Veeam has just released a new patch for Veeam Backup & Replication 12.3 to solve several bug and security issues described in https://www.veeam.com/kb4743. The new version will be: 12.3.2.3617

You can check the installed build number in the Veeam Backup & Replication Console’s Main Menu (≡) under Help > About.

This patch includes also other bug fixes… for more information see https://www.veeam.com/kb4696

Fixed Vulnerabilities

Veeam Backup & Replication

• CVE-2025-23121 | Severity: Critical (9.9)
  A vulnerability allowing remote code execution (RCE) on the Backup Server by an authenticated domain user.
  Note: This vulnerability only impacts domain-joined backup servers.
  ^{Veeam Backup & Replication Security Best Practice Guide > Workgroup or Domain?}
• CVE-2025-24286 | Severity: High (7.2)
  A vulnerability allowing an authenticated user with the Backup Operator role to modify backup jobs, which could execute arbitrary code.

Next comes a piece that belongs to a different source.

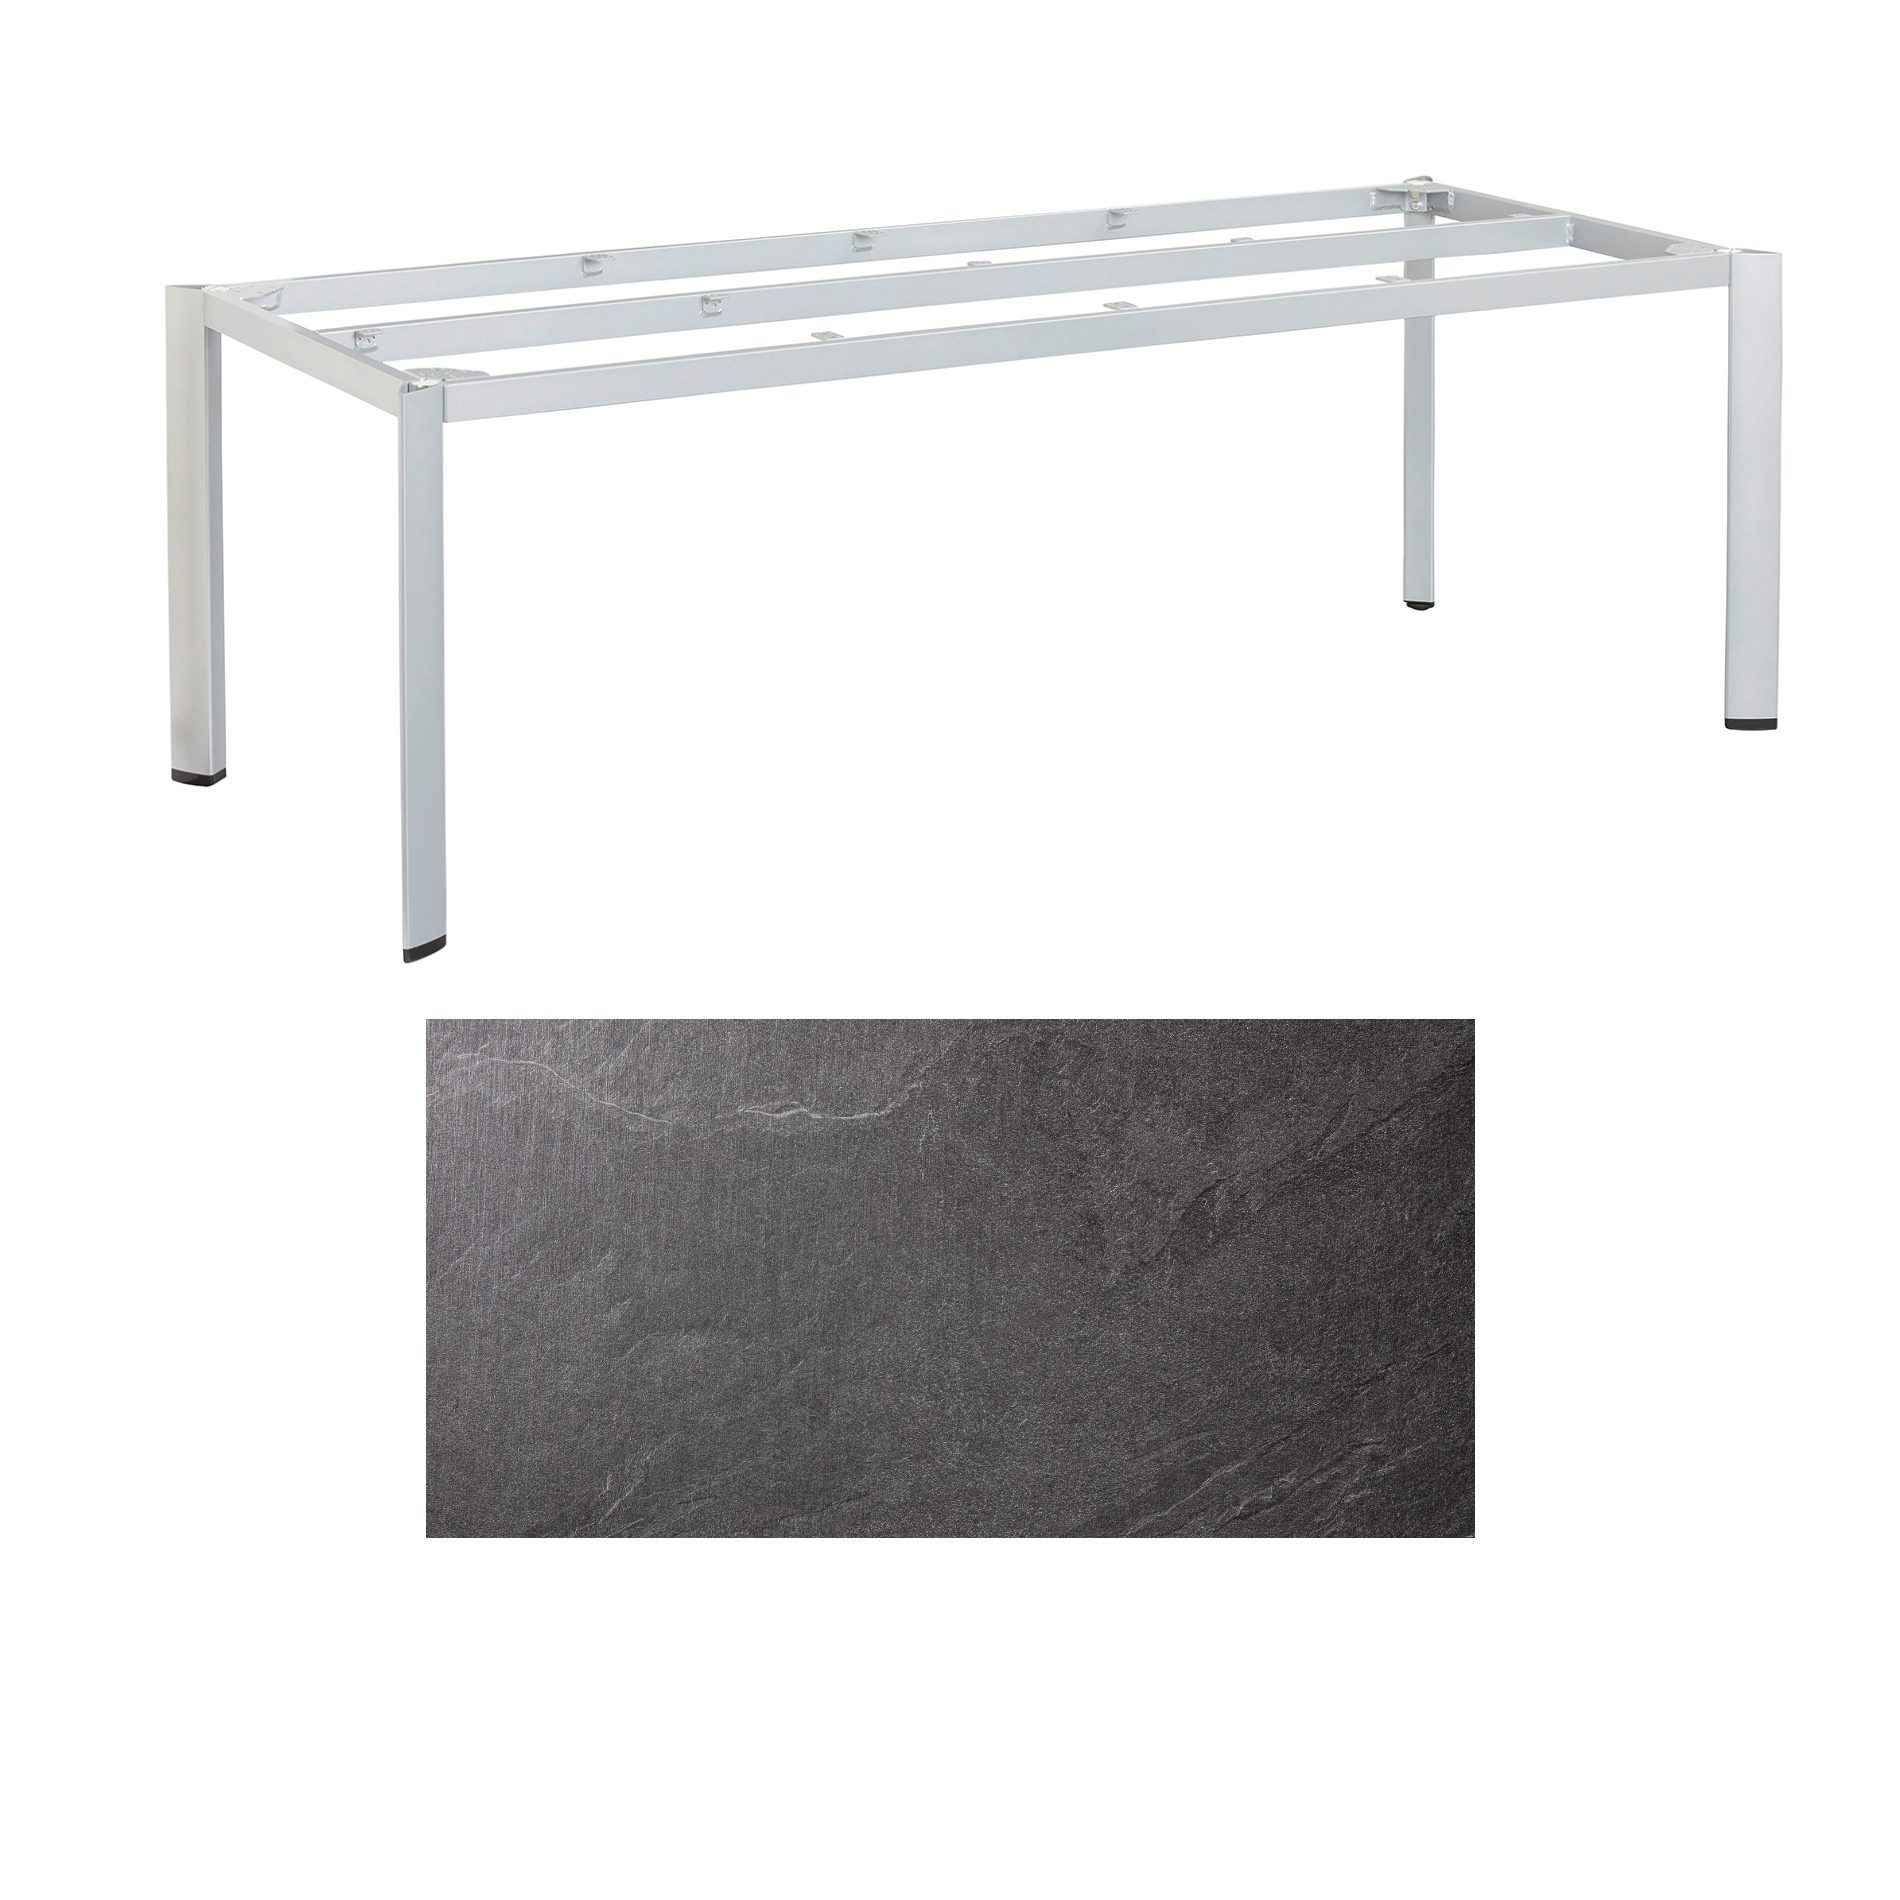 Kettler "Edge" Gartentisch, Gestell Aluminium silber, Tischplatte HPL Jura anthrazit, 220x95 cm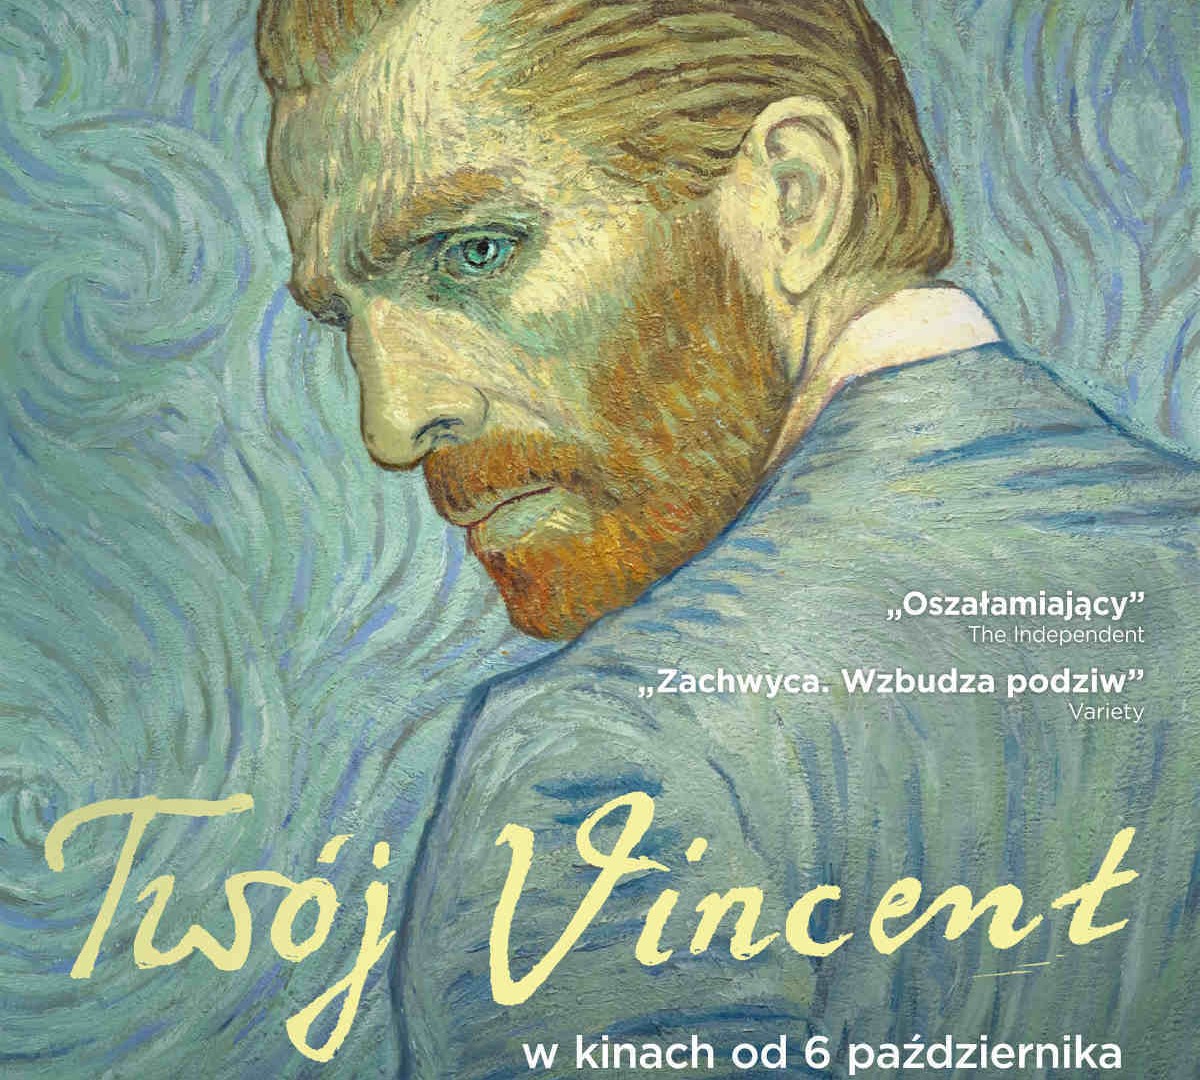 “Twój Vincent” with an Oscar nomination

Veeam Agent for Microsoft Windows

• CVE-2025-24287 | Severity: Medium (6.1)
  A vulnerability allowing local system users to modify directory contents, allowing for arbitrary code execution on the local system with elevated permissions.

^{Indicated severity values are CVSS 3.1 scores.}

Note that this version does not include (yet) the support to VMware vSphere 9.0 (or VMware Cloud Foundation 9.0)… It remain the same note about the previous 12.3.1.1139 version, about a generic VMware vSphere 9.0 readiness based on the pre-release builds. The official support will be confirmed with a full regression testing of the GA build when it becomes available.